Nero Cellotex, 1986-87
With its monumental scale and monochromatic simplicity, Nero Cellotex exemplifies the Italian artist’s scrutiny of the traditional rules of painting.
"Precarious equilibrium and masterful control of the unpredictable were, in Burri’s opinion, the foundations of his painting.”
W ith its monumental scale and monochromatic simplicity, Alberto Burri’s Nero Cellotex exemplifies the Italian artist’s scrutiny of the traditional rules of painting. The work belongs to Burri’s eminent last series, the Cellotex, a large body of works created between 1986 and 1987, less than a decade before his death in 1995. With examples of the series housed in major museum collections including the Solomon R. Guggenheim Museum, New York, Nero Cellotex subversively positions matter and medium as the subject of painting to radically explore the limitless potential of materiality as a vehicle for artistic expression.
The industrial boards used for the Cellotex series were composed from compressed sawdust and glue – simple and durable materials which Burri then manipulated through a pioneering process of cutting, shaping, gauging, scratching and burning.
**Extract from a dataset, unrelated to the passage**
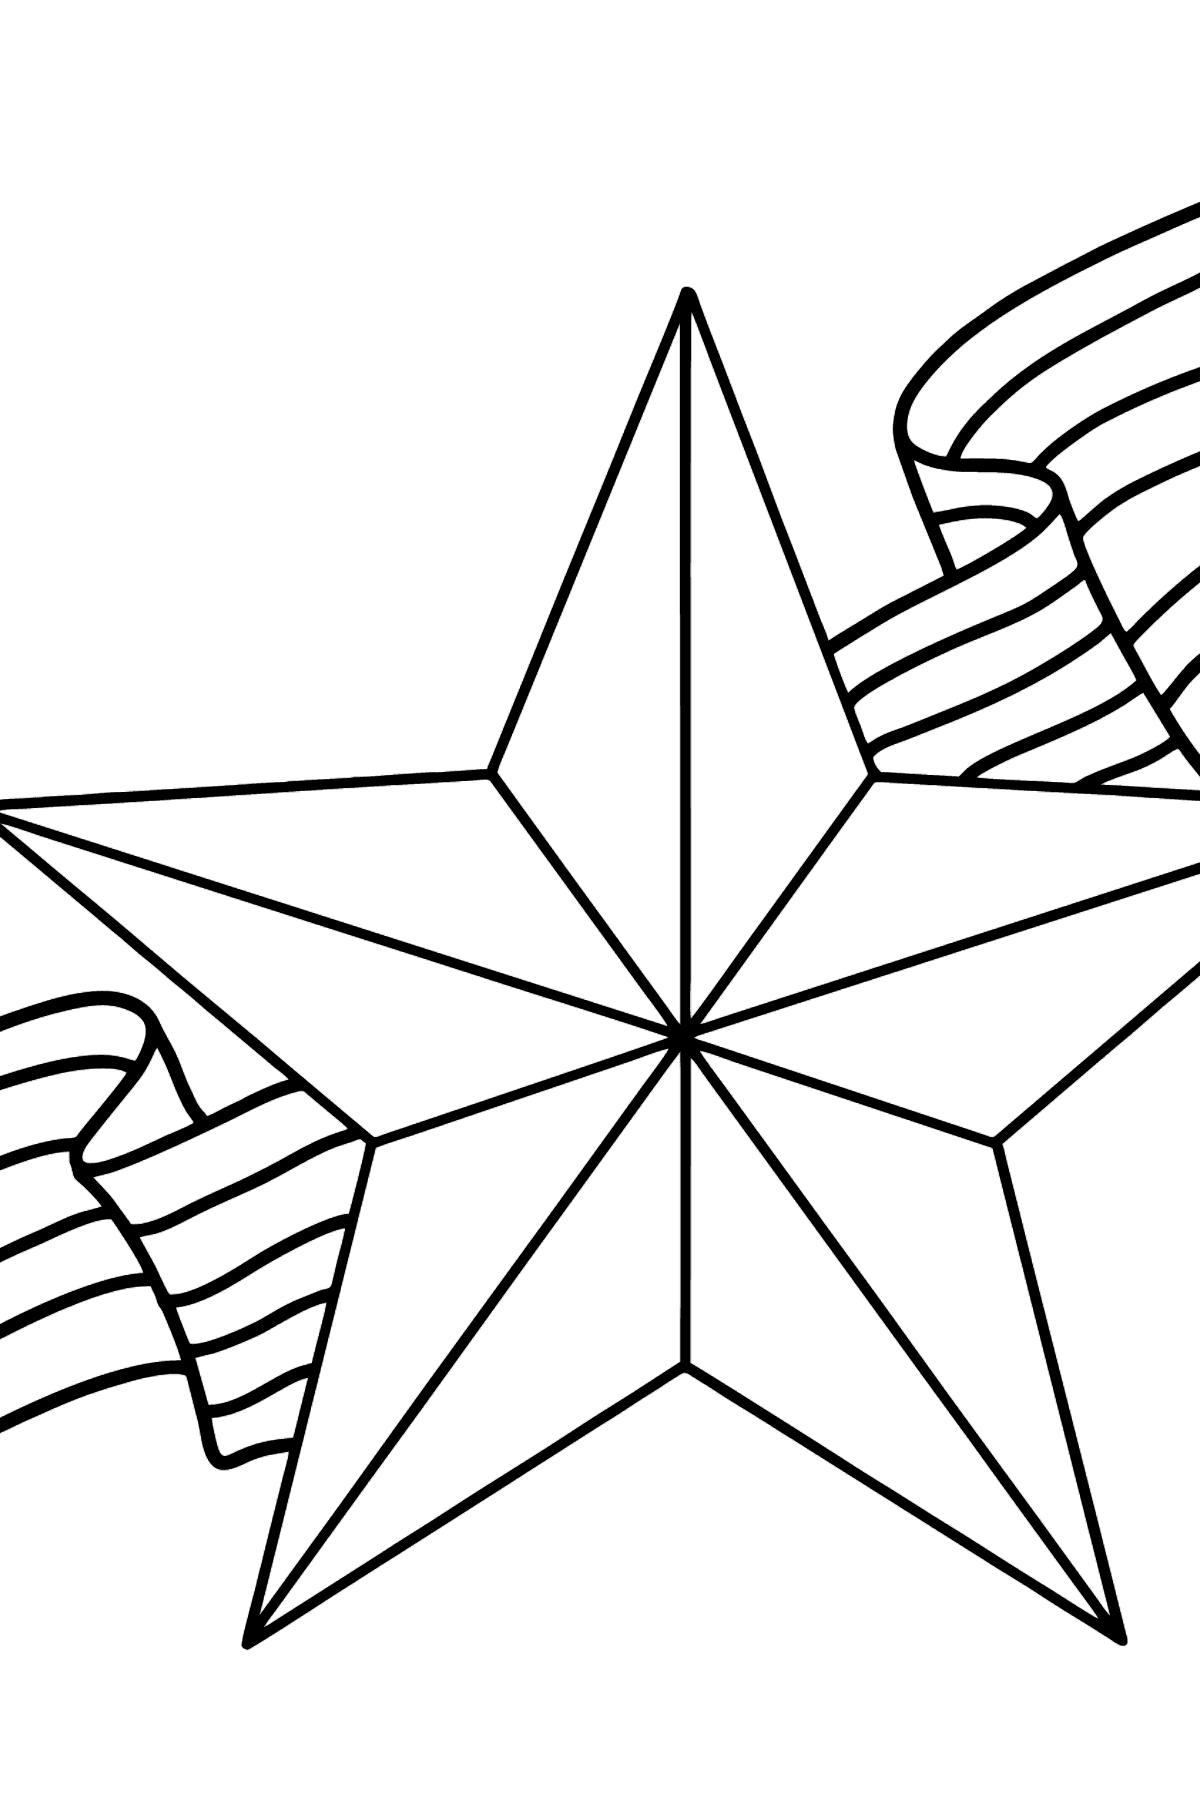 Раскраска к 9 мая - Красная Звезда и Георгиевская ленточка - Картинки для Детей
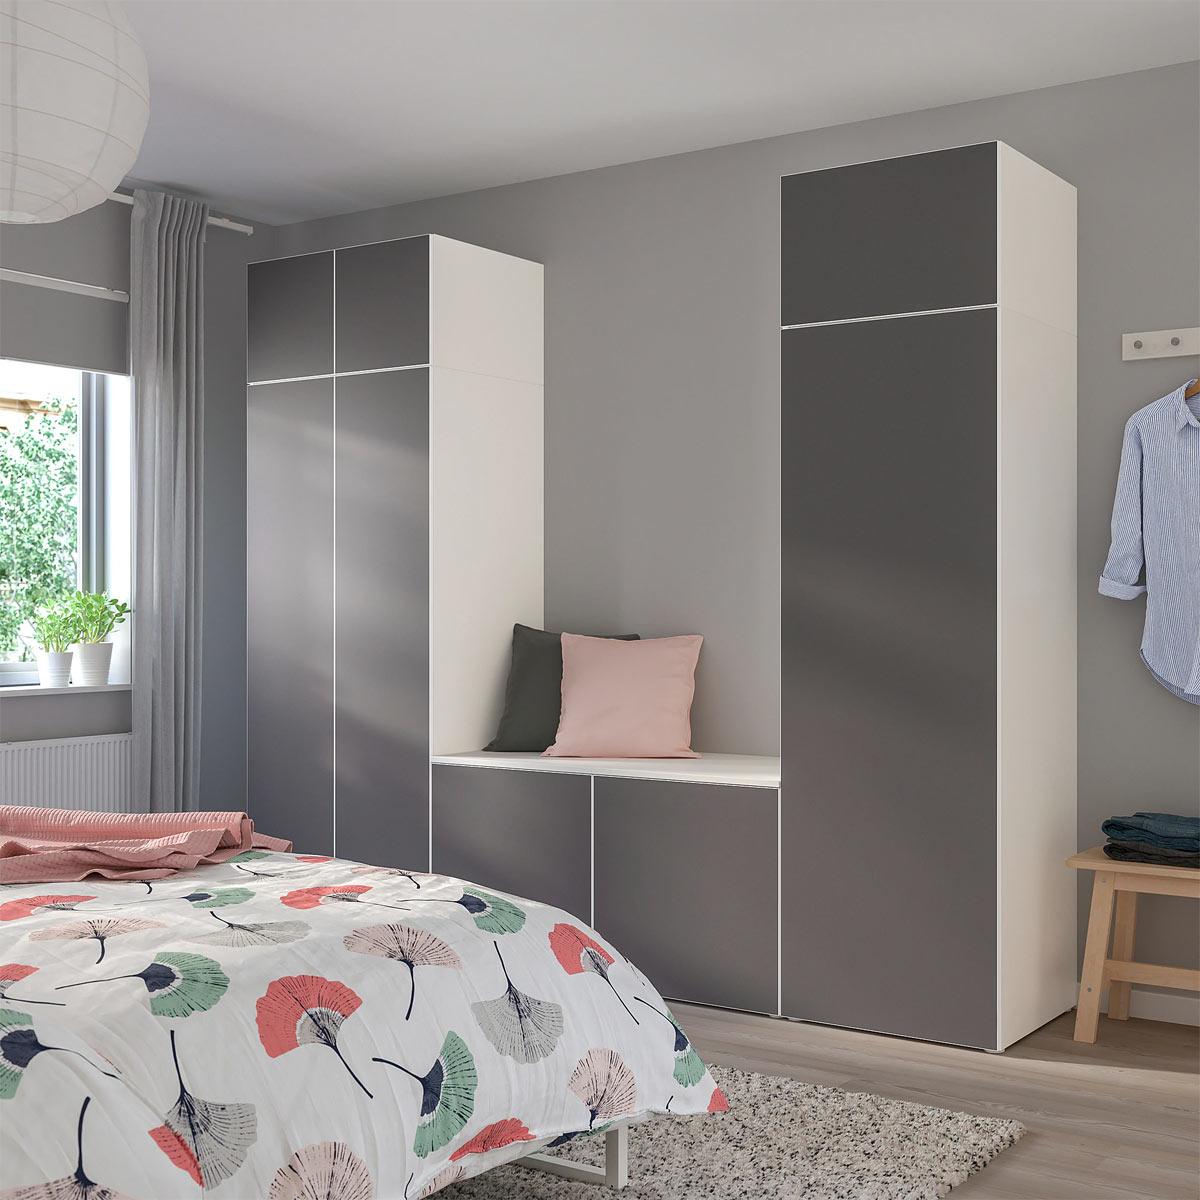 Armadi Ikea 12 Splendidi Modelli Per Arredare Le Camere Da Letto

The carbon black forms of Nero Cellotex utilise classical and balanced compositional elements, wherein the matte base upholds a second layer of varnished geometrical shapes that stretch horizontally across the board. Consolidating the crisp, sharp edges and the smooth fluidity of the conjoined elements, the black surface has been heavily and consciously wrought by the artist in direct opposition to the Combustione, which relied fortuitously on elemental reactions and counterreactions. Stripped to its bare essence, the overall format of the present work is both refined, nuanced and raw. Evoking the coarse tactility of the natural burlap used in the artist’s earliest and ground-breaking Sacchi, the work’s compositional elements have been cut, pulled and sculpted to create a lyrical band of textured black-on-black shapes.